Он был внимателен также к ее гастрономическим приязням — ты хочешь русских раков? Вуаля. — Что за бесстыдное французское вранье! — Но они из Польши, Олюшка. Будешь есть? — Гугу. — Русское пивцо. — Она косит глаза. — Из русского хмеля. — Она не отвечает. — Варит господин Исакович (убито). А хмель, в самом деле, он вывез из-под Слонима. — А как тебе просто форель? — Отвратно. Я предпочитаю селедку по-большевистски. (Отрадно, что хоть два русских за соседним столиком грохнули — Ольга им улыбнулась чарующе. Булен шепнул: один, кажется, работает на Москву. Она ответила: Тем более приятно). Кстати, Ольга же (кажется, эту шутку позже заимствовал для своих эссе Бунивян) пустила шуточку про нетленный гарнир всех тоскливых большевистских меню — «селедку под шубой» — ее Ольга перекрестила в «шубу под селедкой». Но это в сторону. — А как тебе, например… например… — он гарцует на стуле ближе к ней — между прочим, французы таких вольностей не приветствуюет, то ли еще будет — как тебе, Олюшка, например… — Она смотрит на него так, как всегда смотрела: на простоватого толстяка, на человека, у которого ампутированы лишние мысли (ее слова), на аппарат для стрельбы («у тебя в ушах не звенит пиф-паф?») — а еще — это умножилось только с приездом к нему в Париж — на рабовладельца, от которого убежать невозможно, а иногда так хочется, так хочется. Что он там говорит и дышит вином? что ему надоело, почему вдруг? двусмысленность какого такого положения? он, например, даже не помнит, что сегодня, нет, завтра (завтра?), годовщина отца, и вот хохочет.

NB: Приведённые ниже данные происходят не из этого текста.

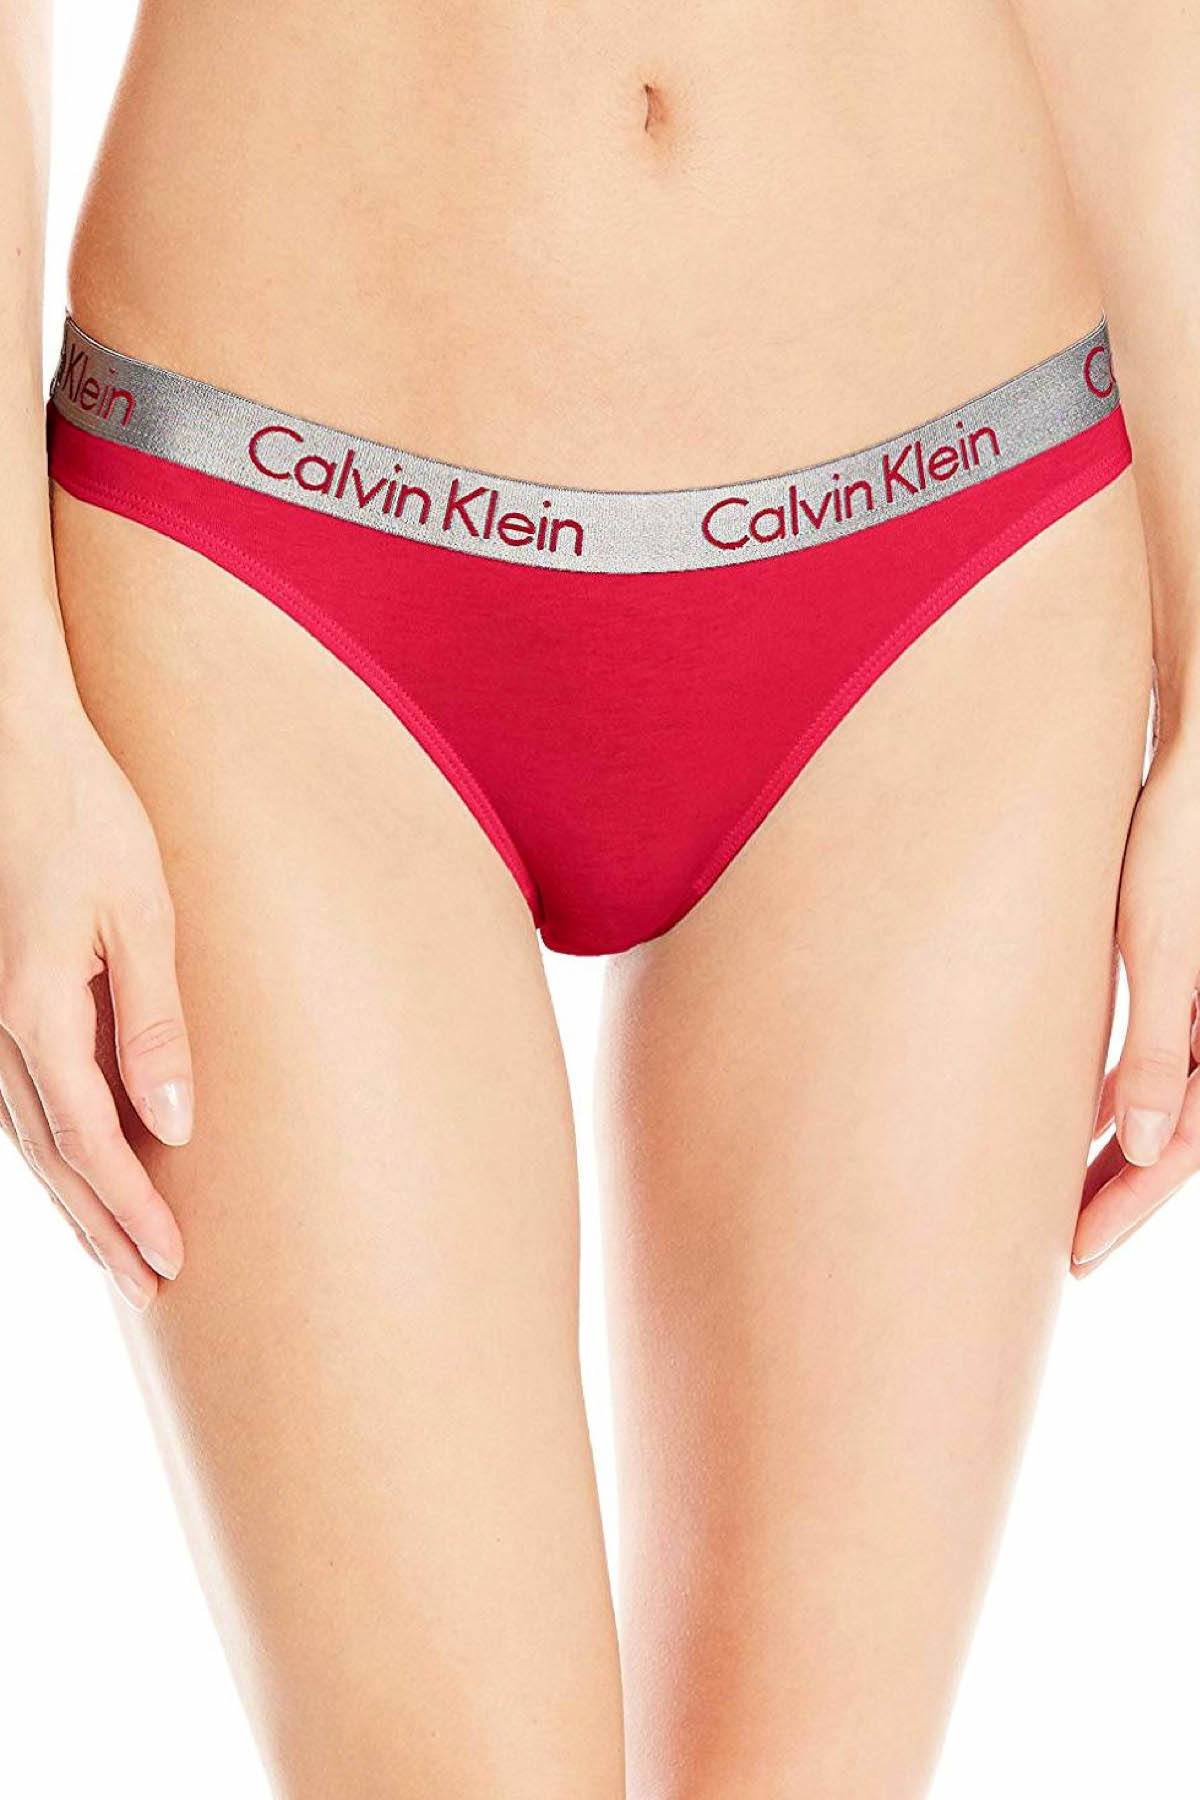 Calvin Klein Empower-Red Radiant Cotton Thong

— Олюшка… — и он обнял («дура!») ее.
Но когда они ехали в машине домой — вдруг заморосило и стало даже гадко от холода — она сама первая целовала и сжимала его (какая у тебя спинища!), и еще («что? что?») плакала: «Я… тебе должна… сказать… тебе… сказать… но я так… сказать… не могу…» — «Я тоже тебе должен сказать, — он говорил ей губами прямо в шею, прямо в щеки, — я должен тебе признаться, что у меня — посмотри внимательно, — он отодвинул лицо и разулыбался, — искусственный глаз…» — «Какую ерунду ты… — она целовалась с закрытыми глазами, — придумал». Он потом как-то спросил ее, зачем закрывает глаза, она ответила: «Просто стесняюсь…»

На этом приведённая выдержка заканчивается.